Wijziging van het Besluit verplichte verzekering WMO-onderzoek.


Volledige tekst

Bij Kabinetsmissive van 23 februari 2021, no.20210000312, heeft Uwe Majesteit, op voordracht van de Minister van Volksgezondheid, Welzijn en Sport, bij de Afdeling advisering van de Raad van State ter overweging aanhangig gemaakt het ontwerpbesluit houdende wijziging van het Besluit verplichte verzekering bij medisch-wetenschappelijk onderzoek met mensen 2015 in verband met medisch-wetenschappelijk onderzoek gericht op zwangeren en wetenschappelijk onderzoek als bedoeld in de paragrafen 4 en 5 van de Embryowet, met nota van toelichting.

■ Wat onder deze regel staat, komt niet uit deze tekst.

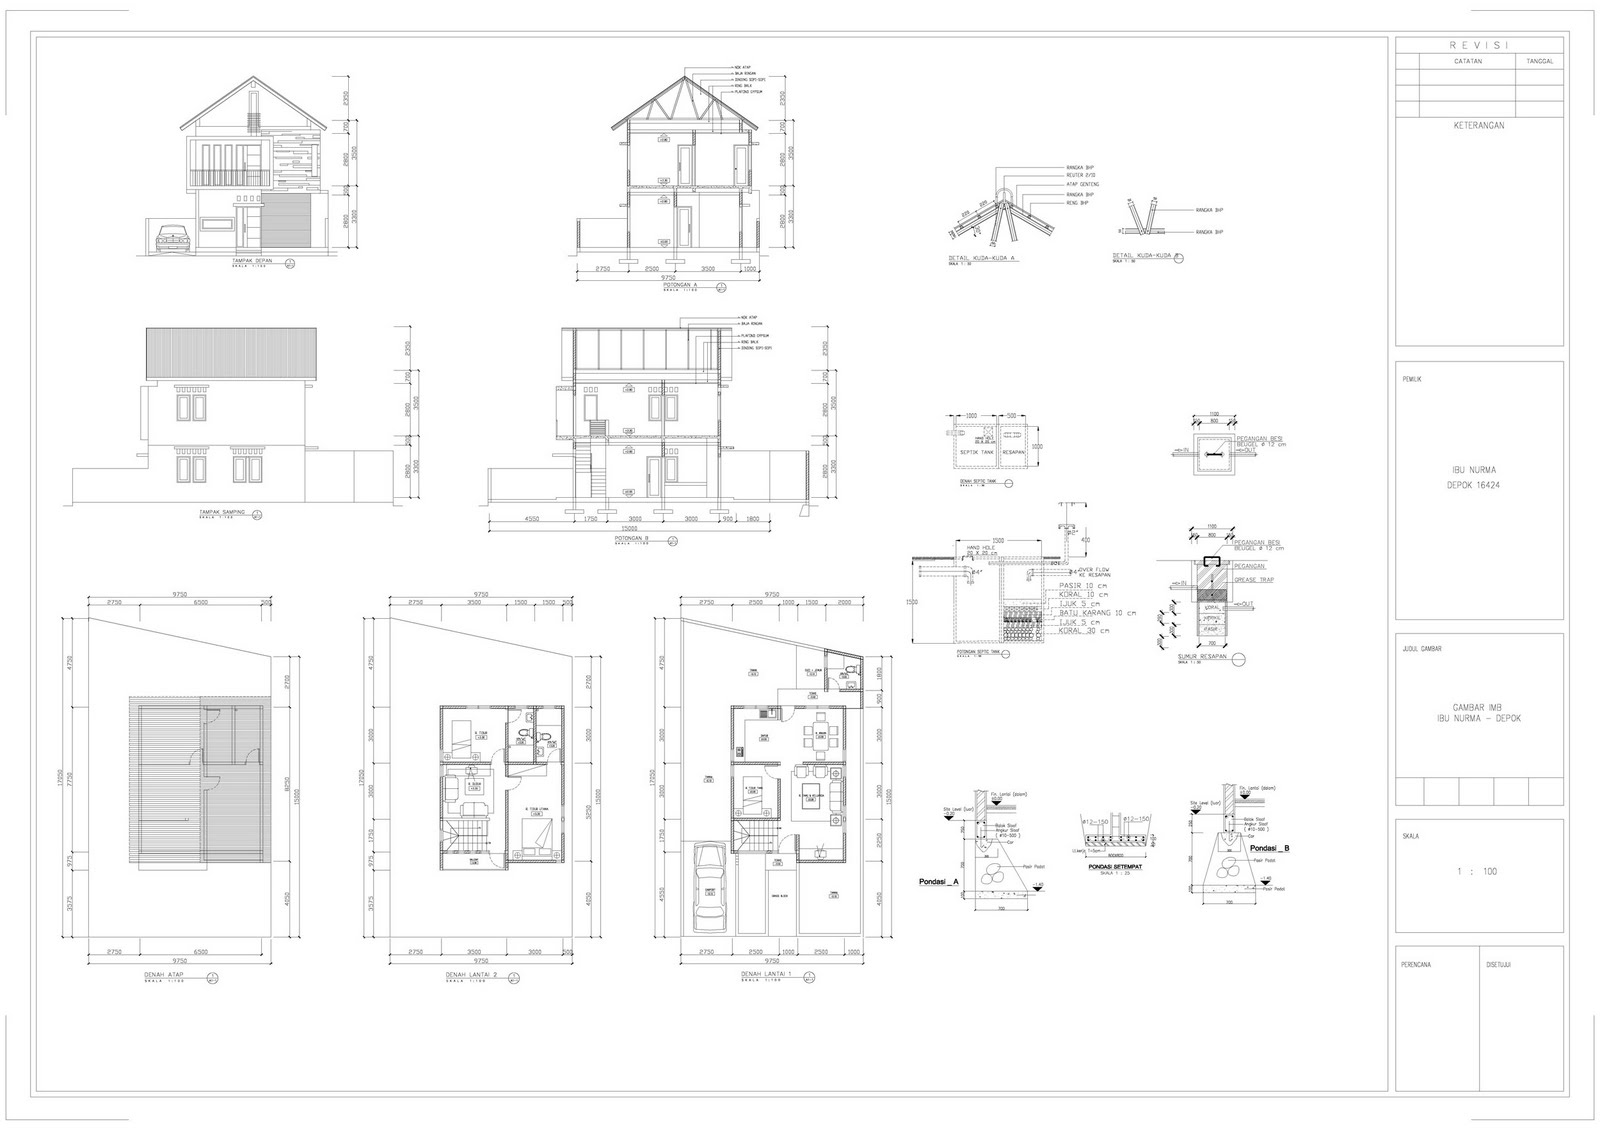 70 Desain Rumah Minimalis Pdf Desain Rumah Minimalis Terbaru

Het ontwerpbesluit wijzigt de omvang van de dekking van de verplichte proefpersonenverzekering ingeval van schade aan de nakomeling van een proefpersoon. Daarmee beoogt het ontwerpbesluit dekking te bieden voor schade aan de nakomelingen van proefpersonen, indien het gaat om medisch-wetenschappelijk onderzoek dat zich specifiek richt op zwangere vrouwen, embryo’s buiten het lichaam of foetussen.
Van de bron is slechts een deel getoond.